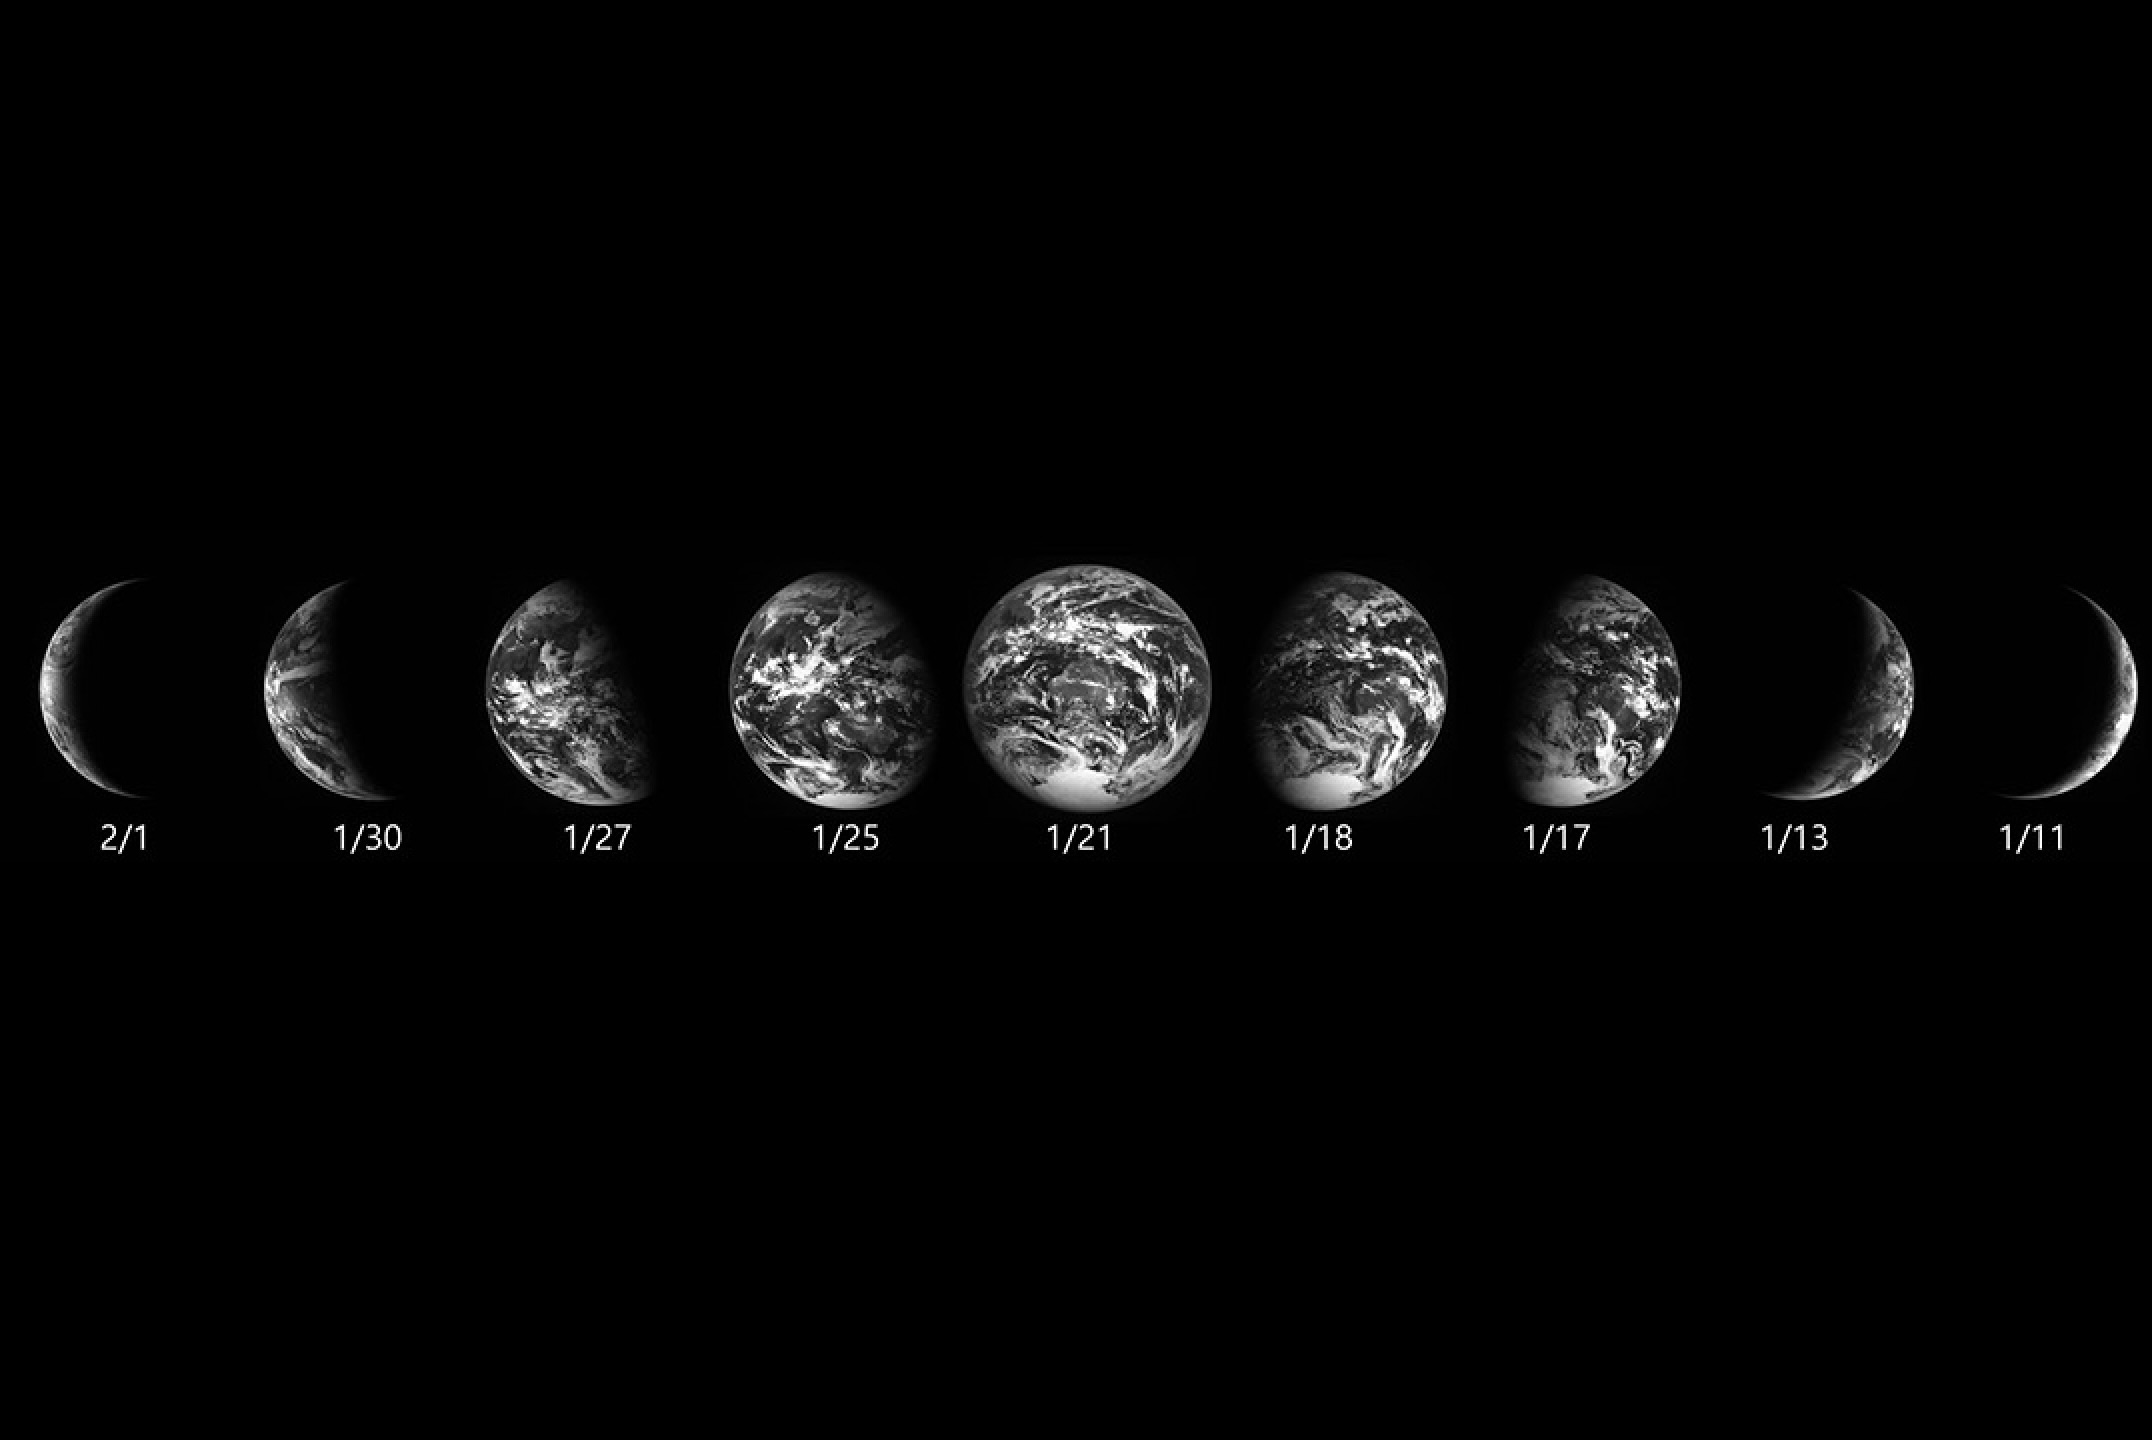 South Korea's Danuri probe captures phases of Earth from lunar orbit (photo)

* * *

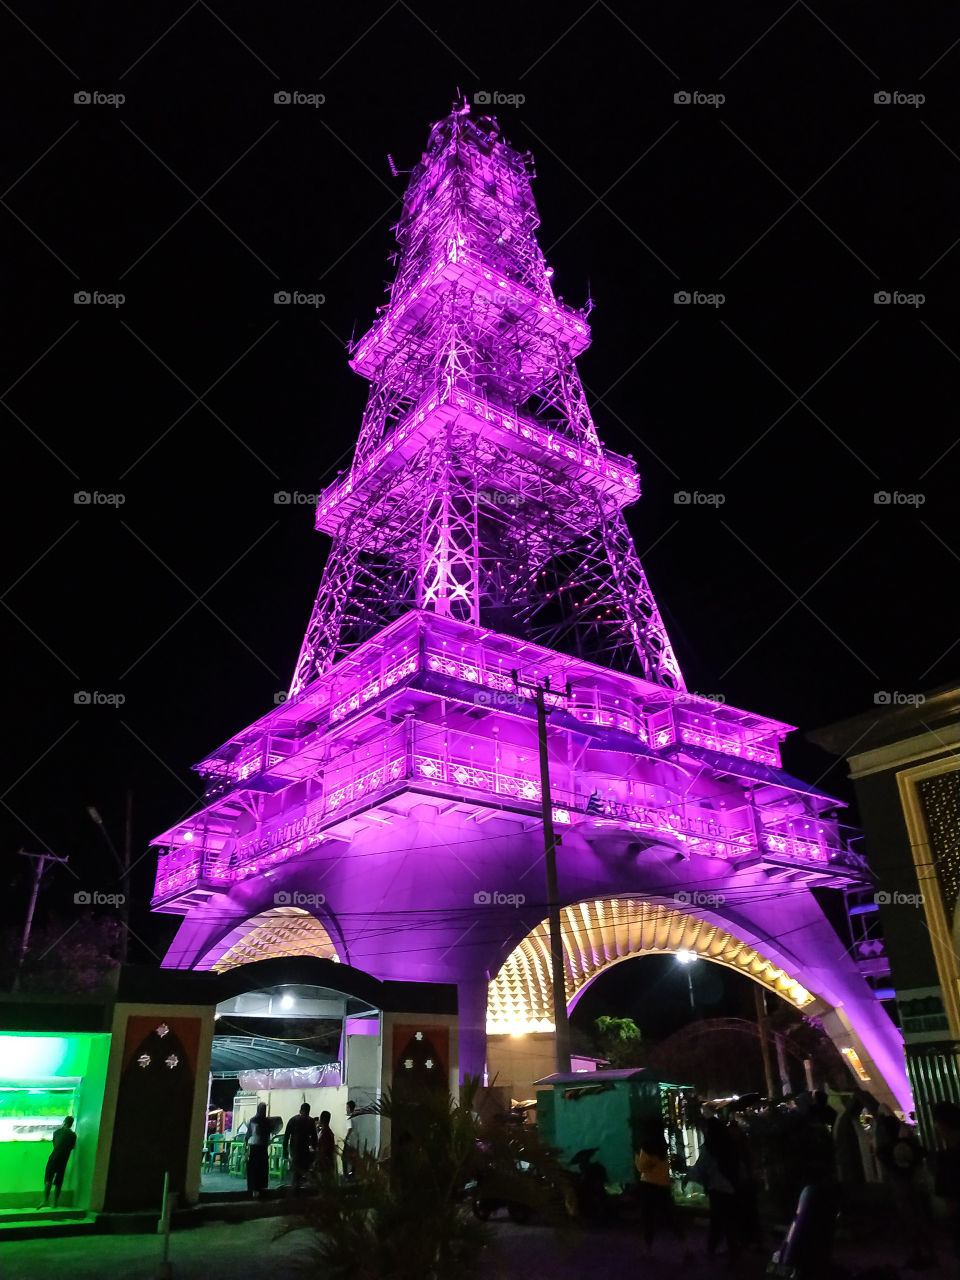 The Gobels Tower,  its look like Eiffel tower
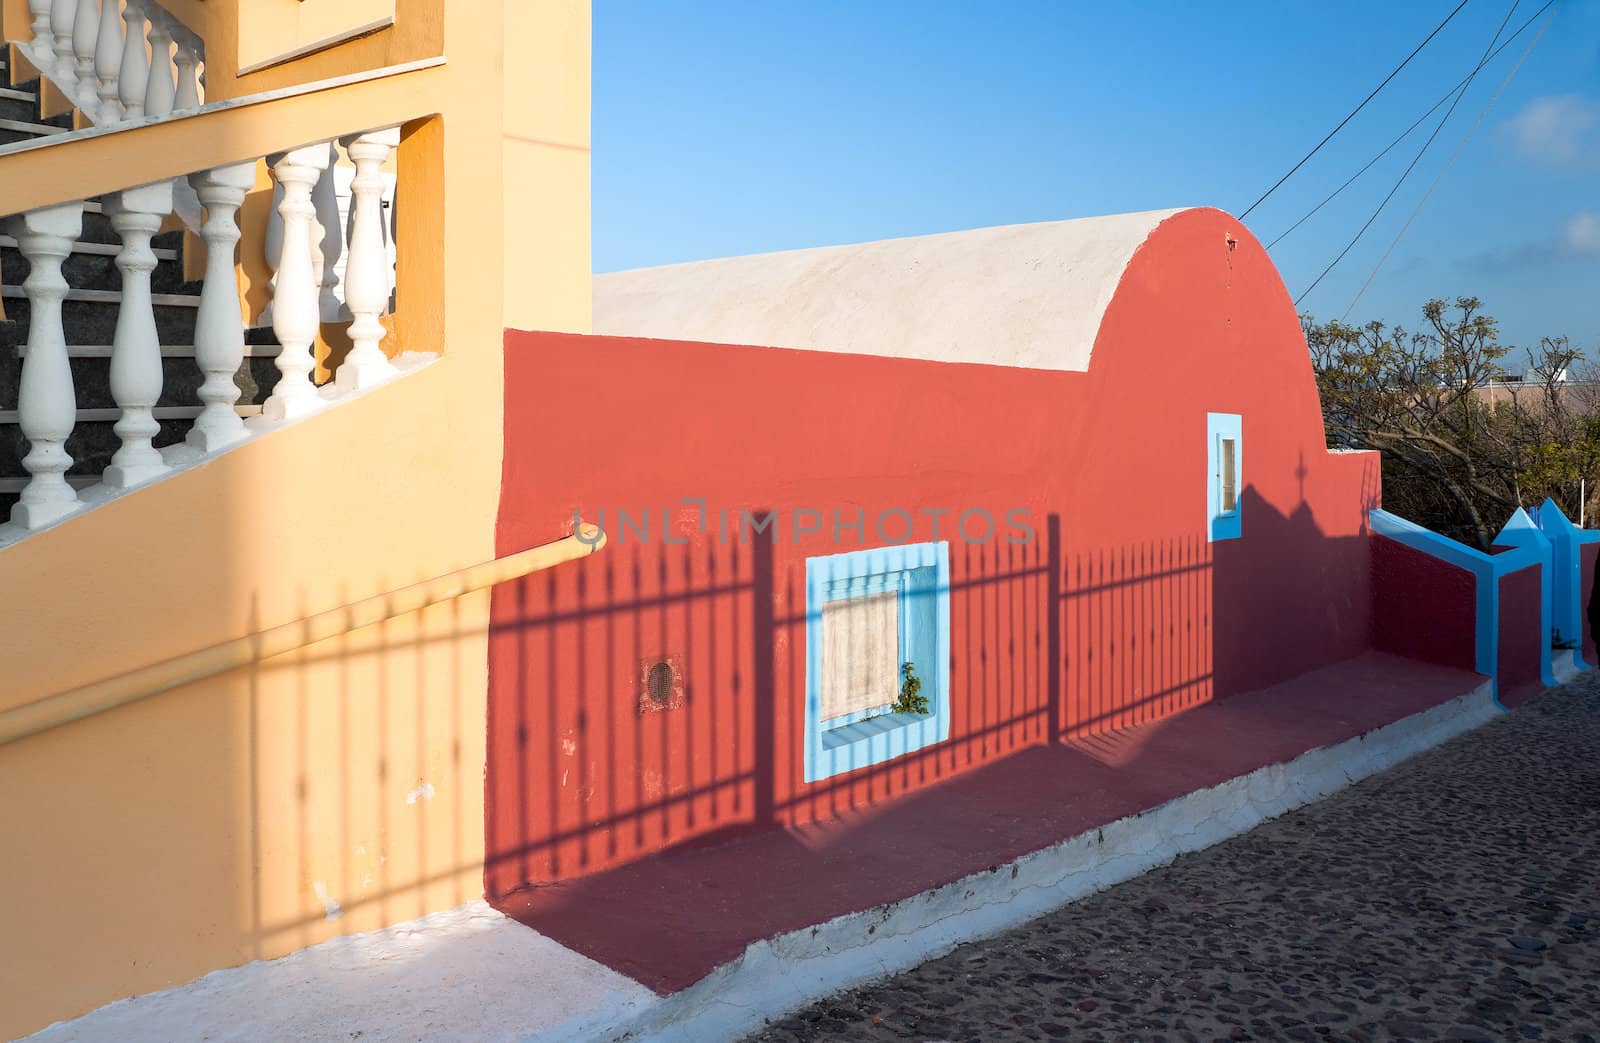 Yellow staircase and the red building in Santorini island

[AIM OF THE EXERCISE]: Starting at the line above with "like Eiffel tower", output every line exactly up to and including the line with "Yellow staircase and", but none of the pictures.

[TASK RESULT]:
 The Gobels Tower,  its look like Eiffel tower
 Yellow staircase and the red building in Santorini island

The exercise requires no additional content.